• **AVAILABLE DATA**:
-.-.-

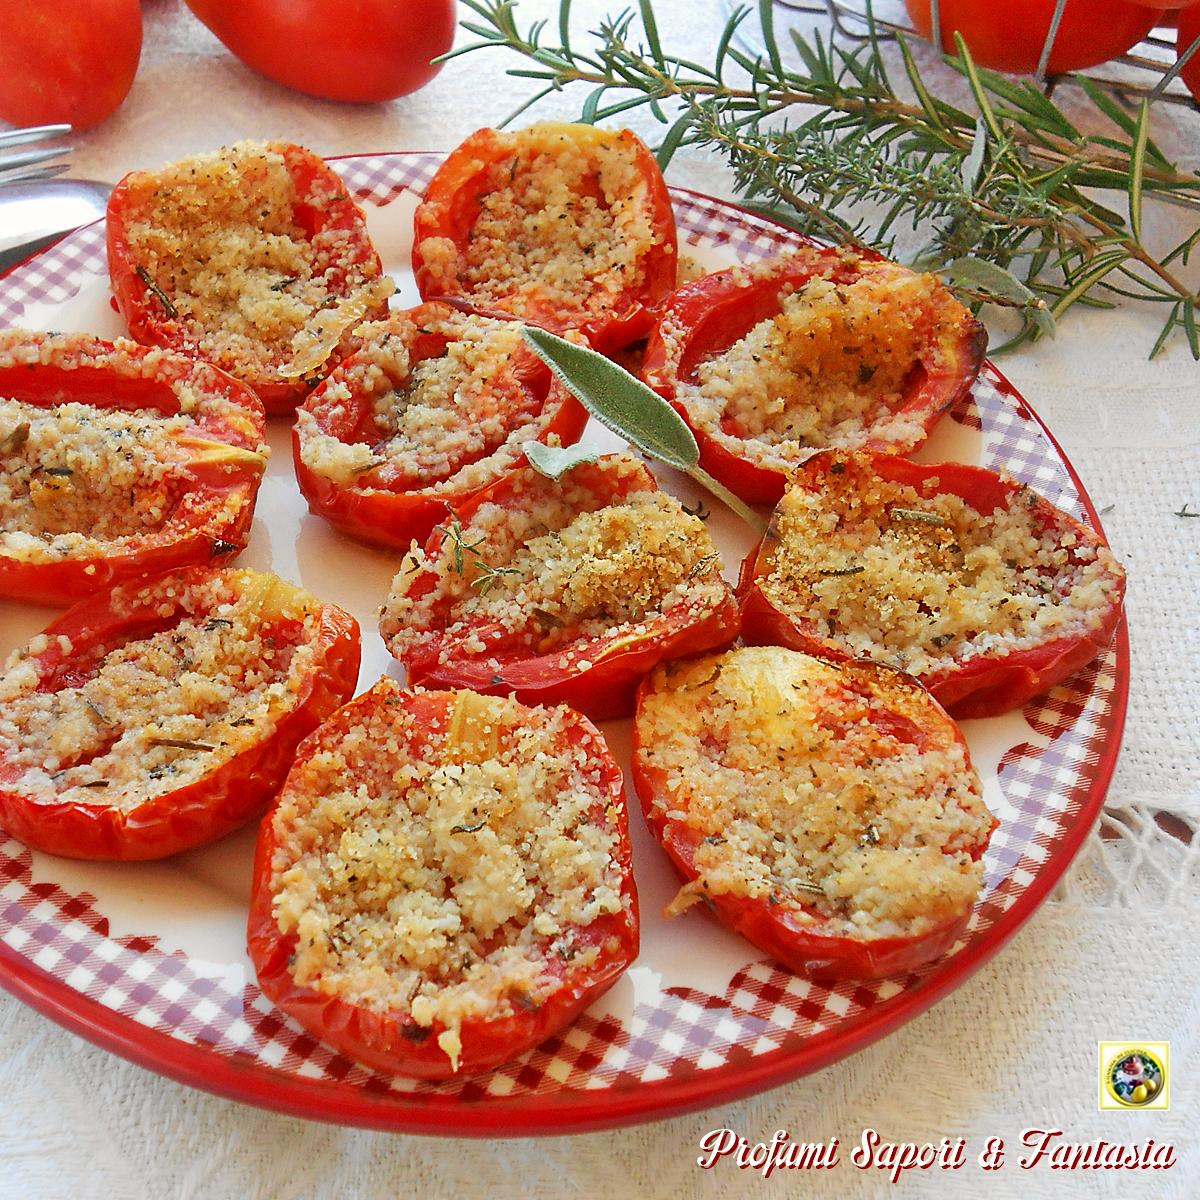 Pomodori al forno semplici e saporiti per accompagnare tutte le pietanze
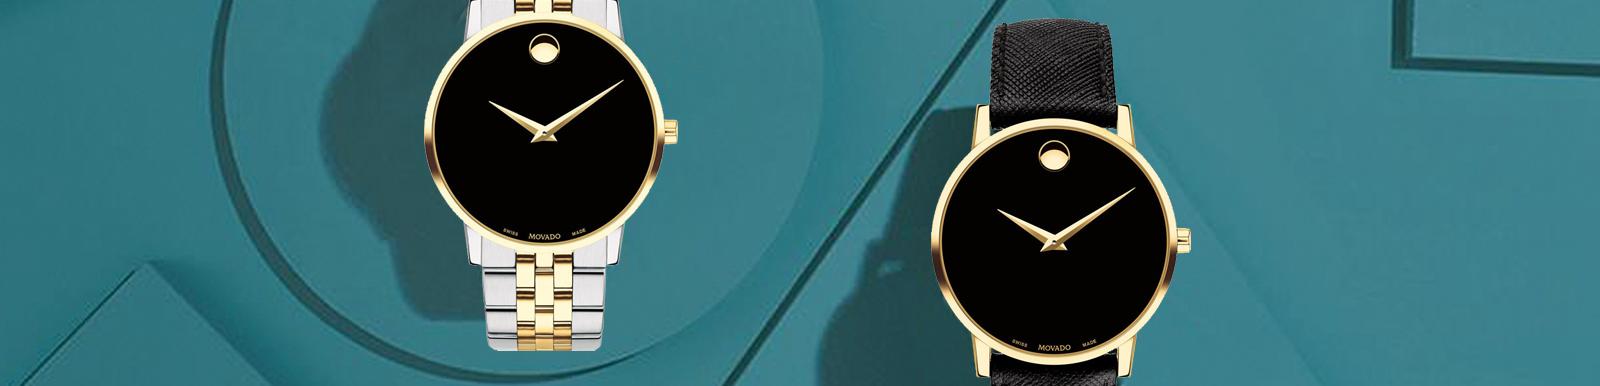 Bộ sưu tập đồng hồ Movado Automatic 1881 cao cấp tại Việt Nam
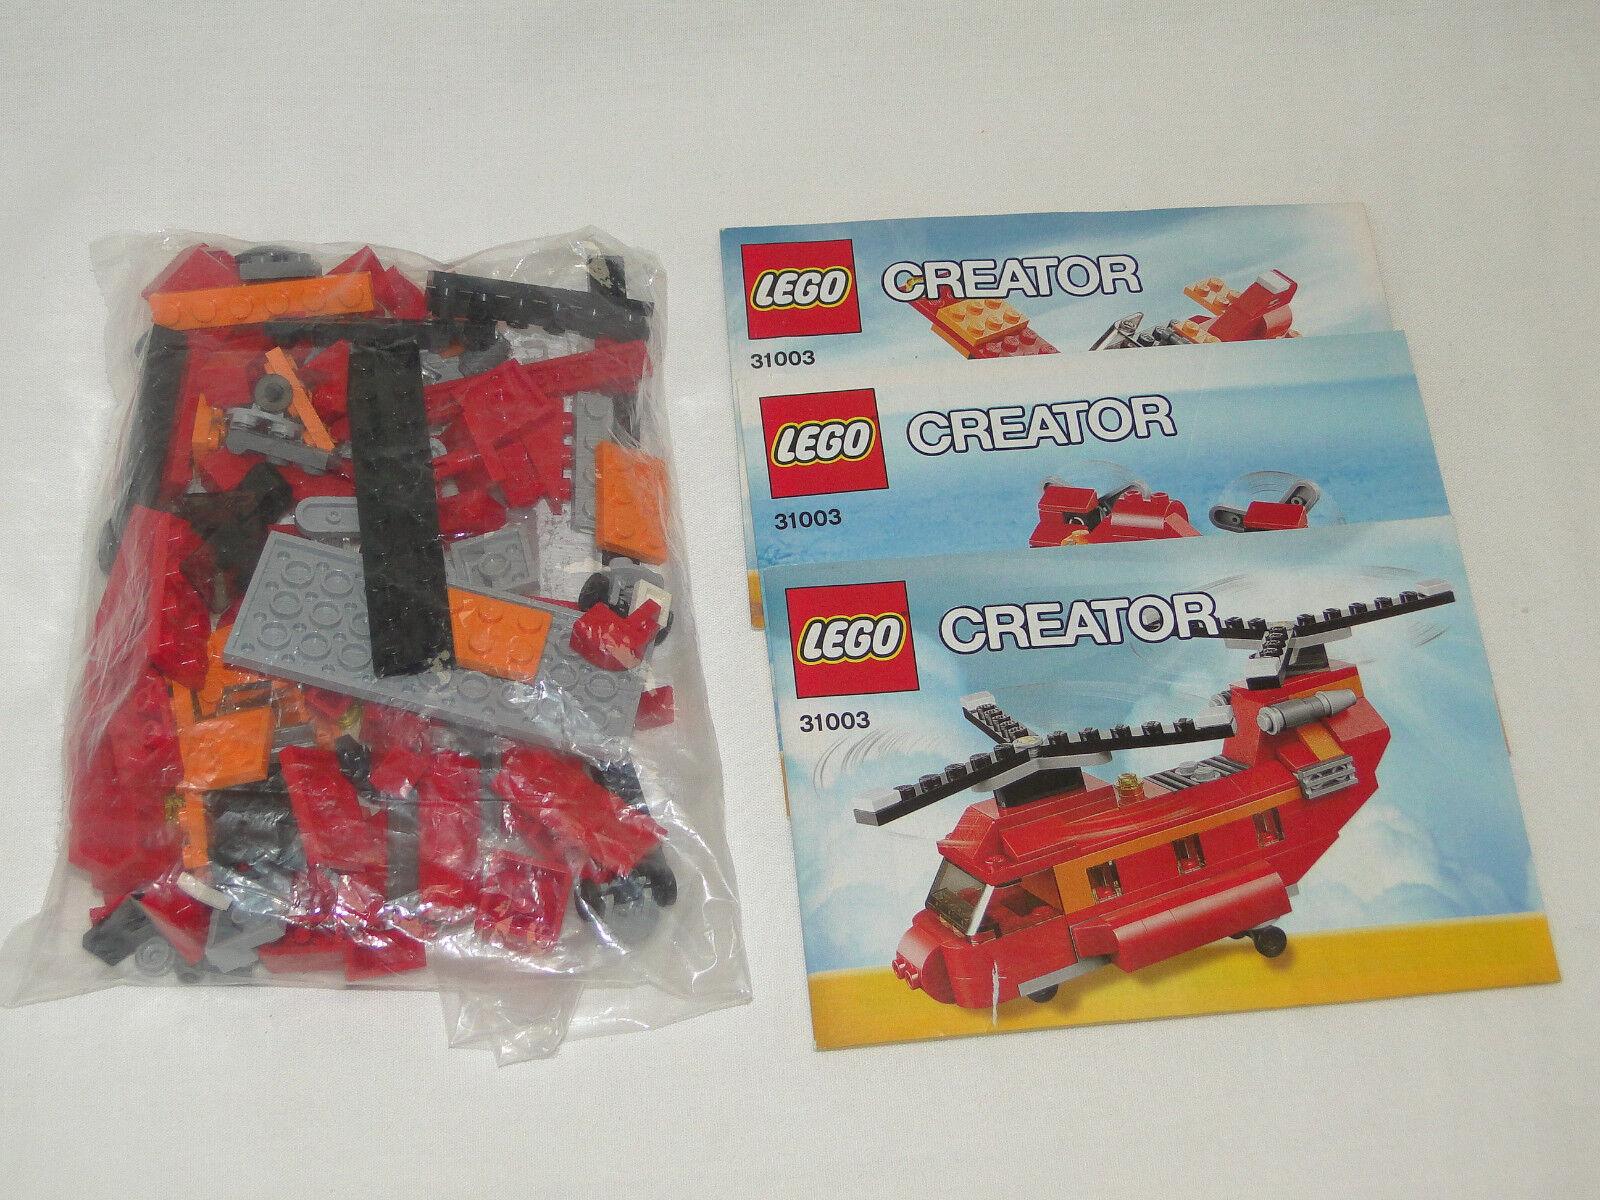 Lego Creator Creator Creator 31003 helicópteros 3-in-1 completo con Oba 9ad5f5
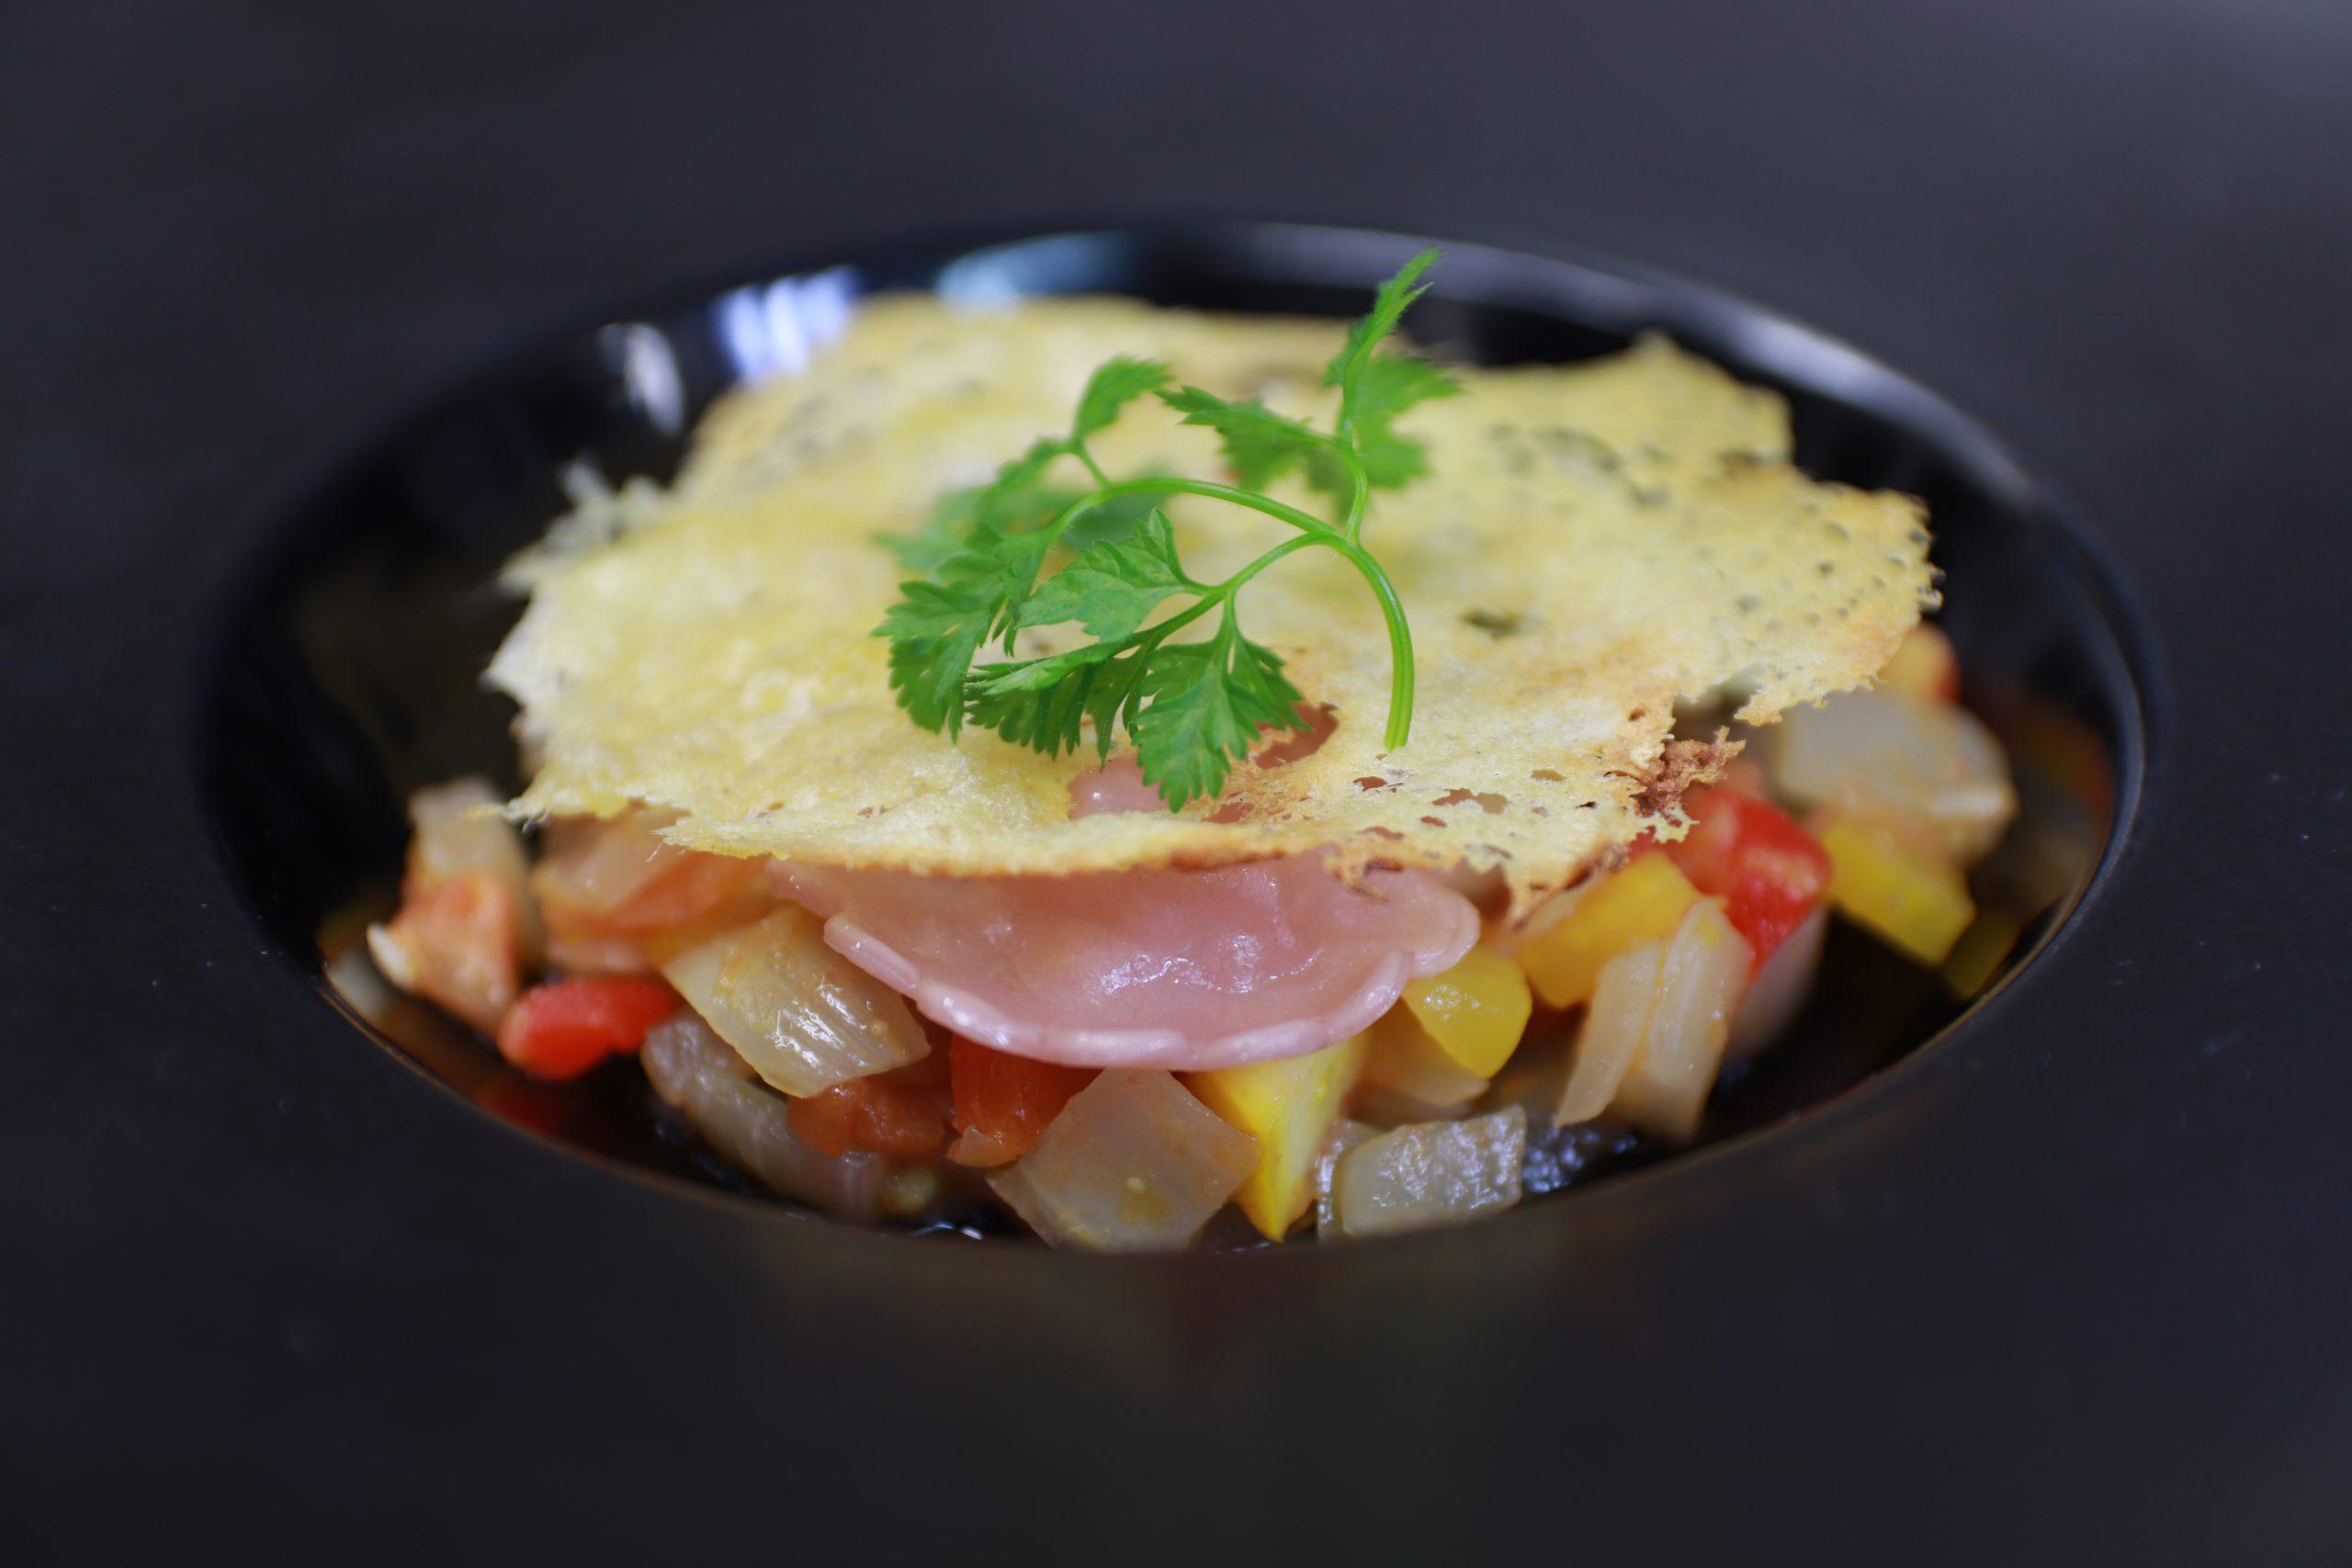 蓼科野菜のラタトゥイユ 開田高原産チーズのチューイルと3色のラビオリ添え
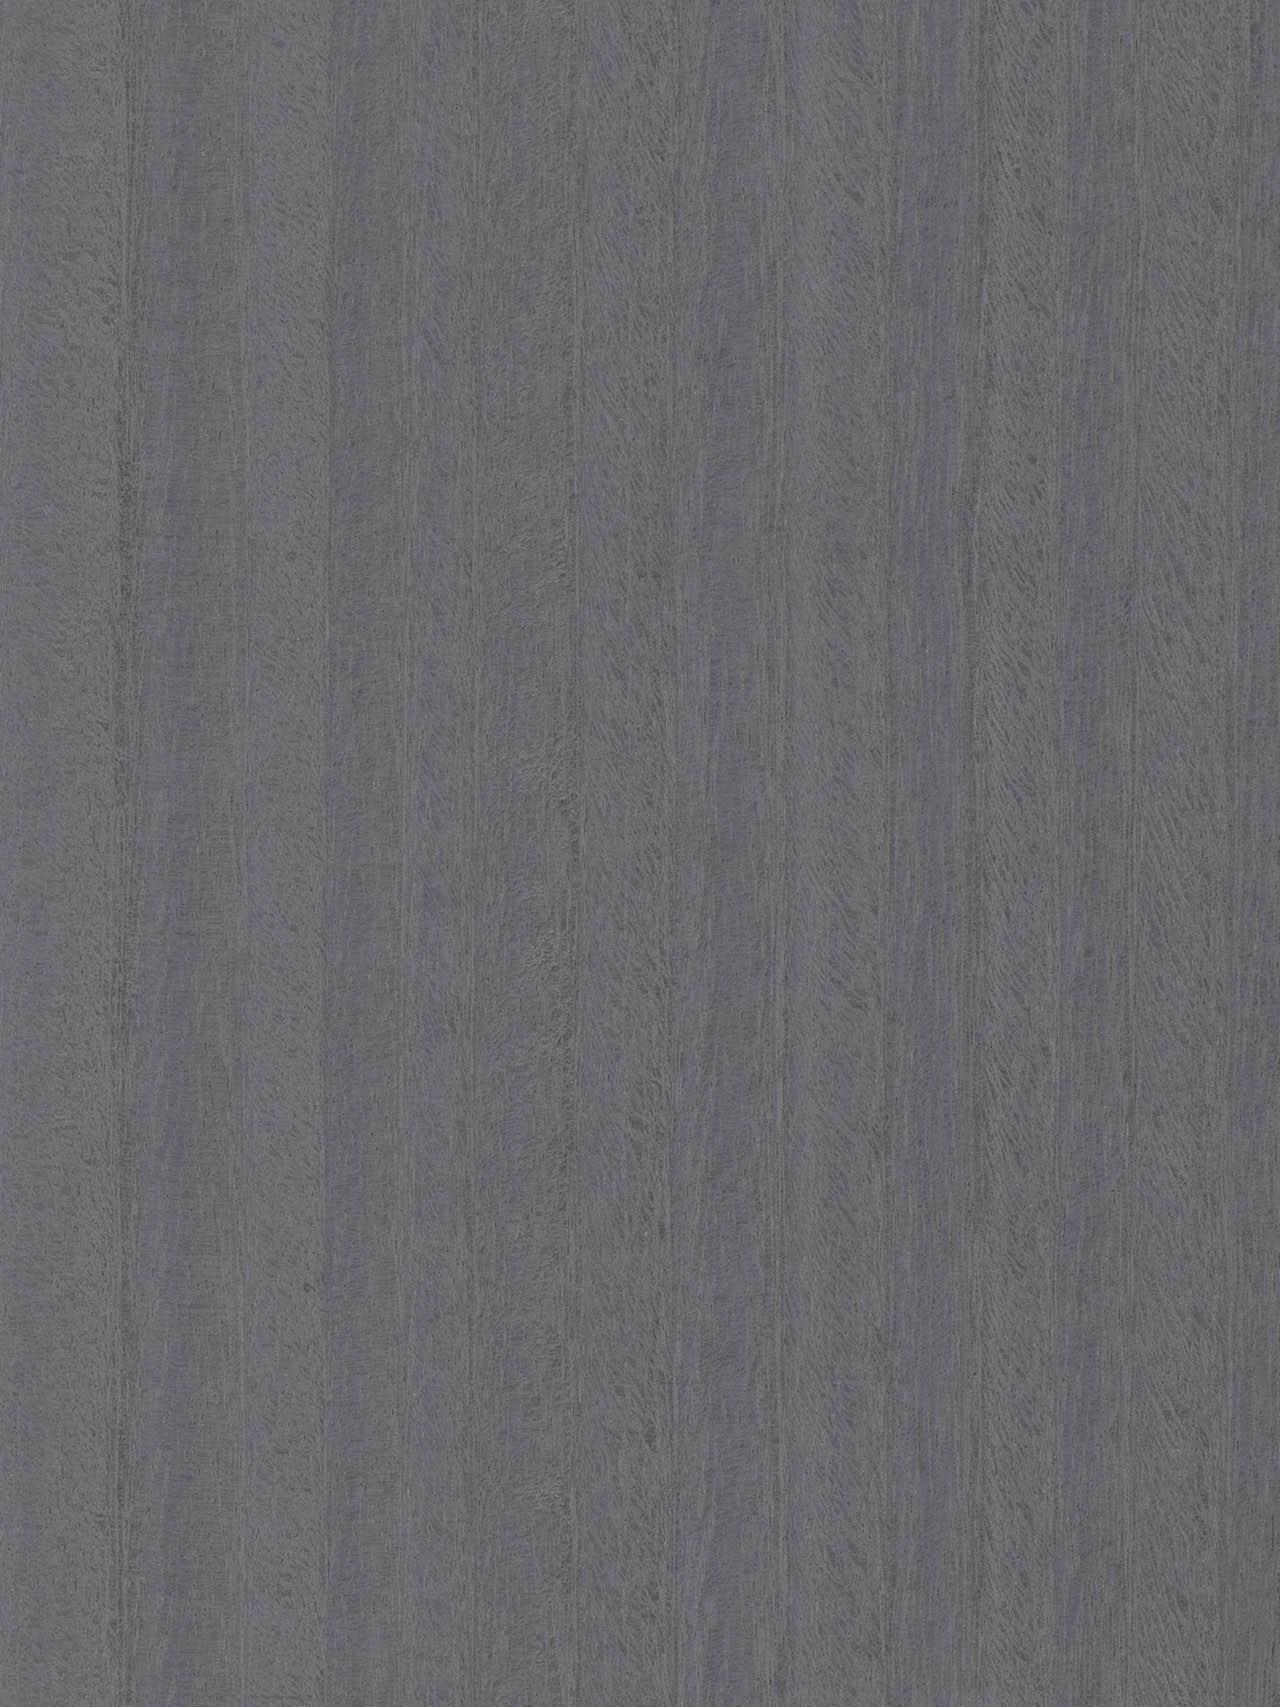 Chapa de madera Eucalipto Ceniza GBF101 Losán

-.-.-

• **TASK DETAILS**: From the first record to the last, retype everything exactly except the images.

• **ANSWER SPACE**:
 Pomodori al forno semplici e saporiti per accompagnare tutte le pietanze
 Bộ sưu tập đồng hồ Movado Automatic 1881 cao cấp tại Việt Nam
 Lego Creator Creator Creator 31003 helicópteros 3-in-1 completo con Oba 9ad5f5
 蓼科野菜のラタトゥイユ 開田高原産チーズのチューイルと3色のラビオリ添え
 Chapa de madera Eucalipto Ceniza GBF101 Losán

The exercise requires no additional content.